Bacterial Vaginosis Treatment
The CDC recommends metronidazole 500 mg orally twice daily for 7 days as first-line treatment for bacterial vaginosis, achieving a 95% cure rate. 1
Diagnosis
Bacterial vaginosis requires at least 3 of 4 Amsel's criteria: 1
- Homogeneous white non-inflammatory vaginal discharge
- Clue cells on microscopy
- Vaginal pH >4.5
- Positive whiff test (fishy odor with 10% KOH)
Alternatively, diagnosis can be made by Gram stain with Nugent score ≥4. 1
First-Line Treatment Options
Choose any of these CDC-recommended regimens: 1
Oral therapy:
- Metronidazole 500 mg orally twice daily for 7 days (95% cure rate)

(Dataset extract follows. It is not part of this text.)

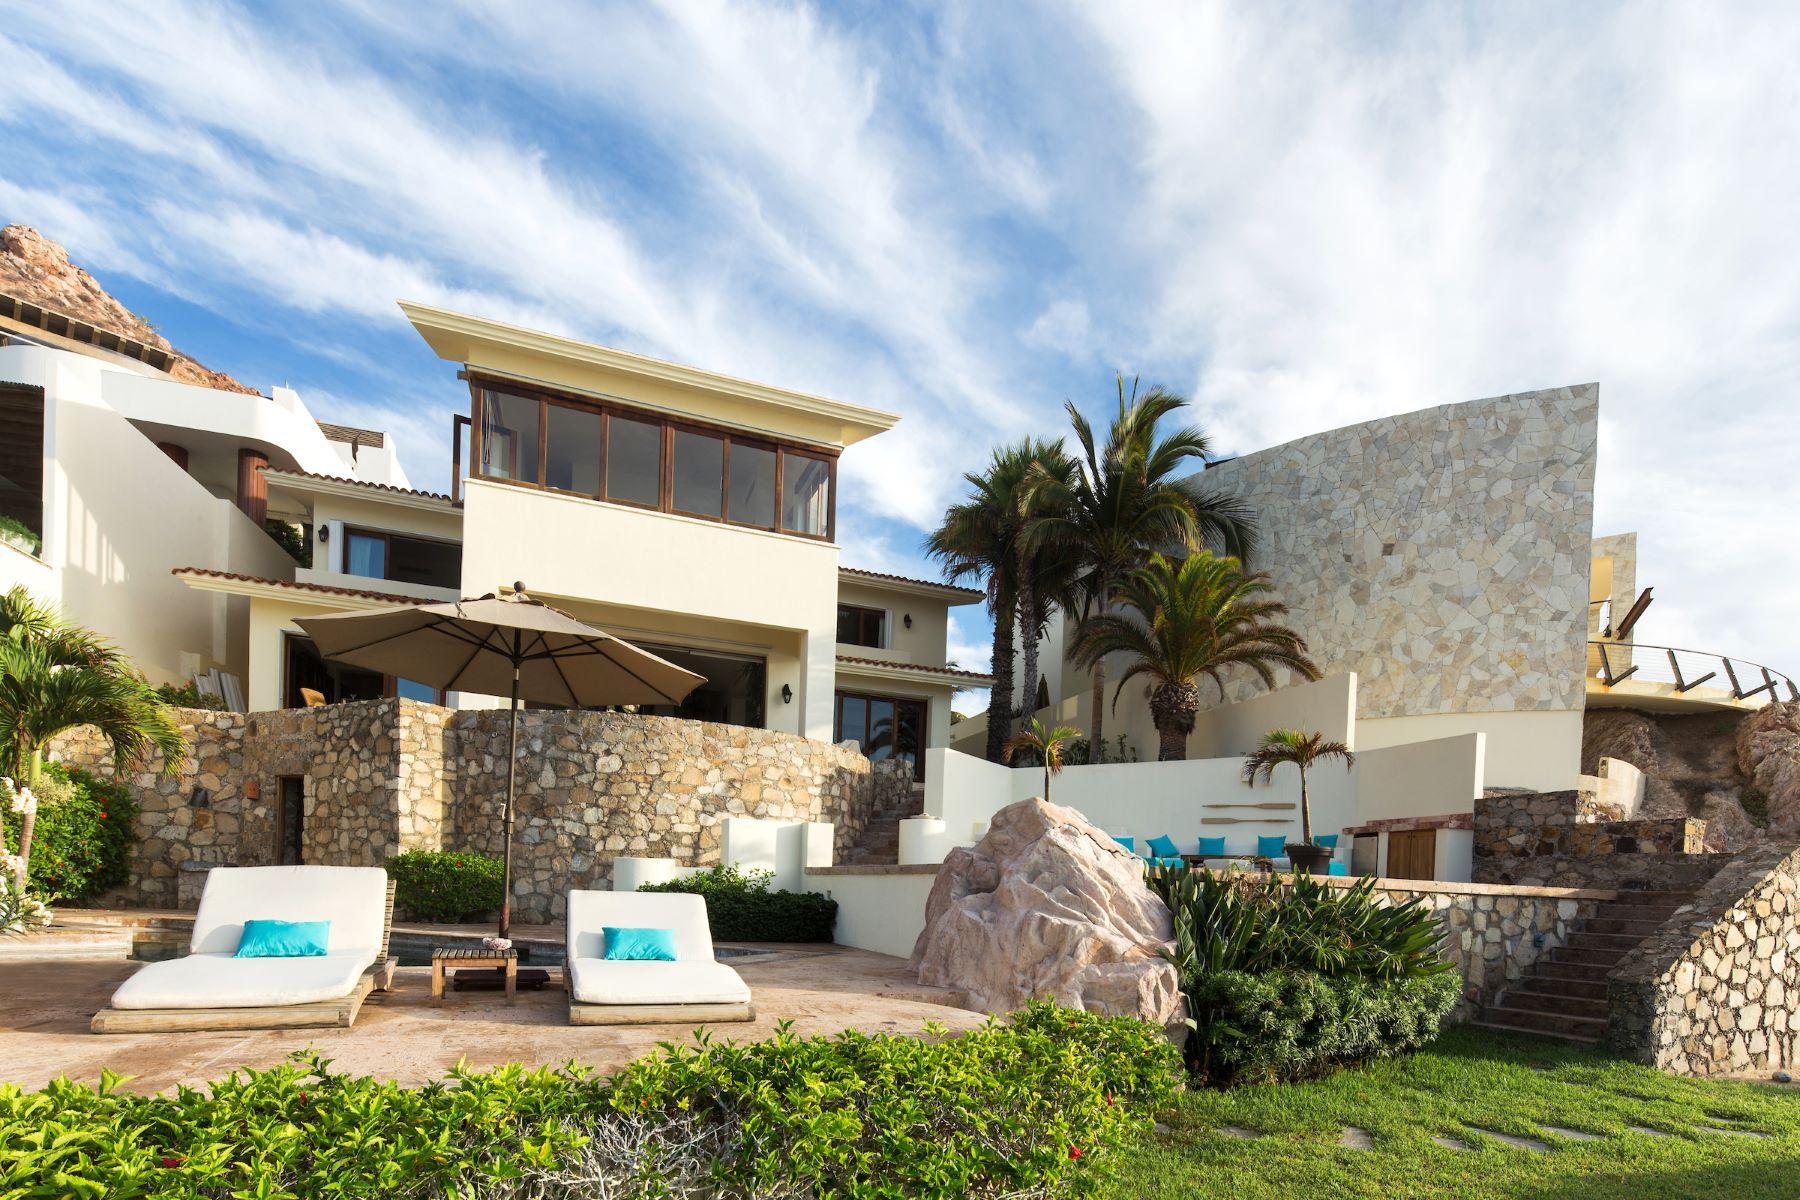 Additional photo for property listing at Casa Barbara San Jose Del Cabo, Baja California Sur México

Intravaginal therapy (alternative first-line):
- Metronidazole gel 0.75% intravaginally twice daily for 5 days (78-84% cure rate) 1
- Clindamycin cream 2% intravaginally at bedtime for 7 days (78-84% cure rate) 1
Second-Line Treatment
If first-line options fail or are not tolerated: 1
- Clindamycin 300 mg orally twice daily for 7 days
- Tinidazole 2g once daily for 2 days or 1g once daily for 5 days (therapeutic cure rates 22-32% above placebo) 2
Avoid single-dose metronidazole 2g as first-line therapy due to lower efficacy compared to the 7-day regimen. 1
Critical Safety Warnings
Patients must avoid all alcohol during metronidazole or tinidazole treatment and for 24 hours after completion to prevent disulfiram-like reactions. 1, 3
Clindamycin cream is oil-based and weakens latex condoms and diaphragms—counsel patients to use alternative contraception during treatment. 1, 3
Pregnancy Considerations
All symptomatic pregnant women require treatment due to associations with preterm birth, premature rupture of membranes, preterm labor, and postpartum endometritis. 1, 4
Treatment timing: 1
- Administer in second trimester (13-24 weeks)
- Use oral metronidazole (systemic therapy preferred for possible subclinical upper tract infection)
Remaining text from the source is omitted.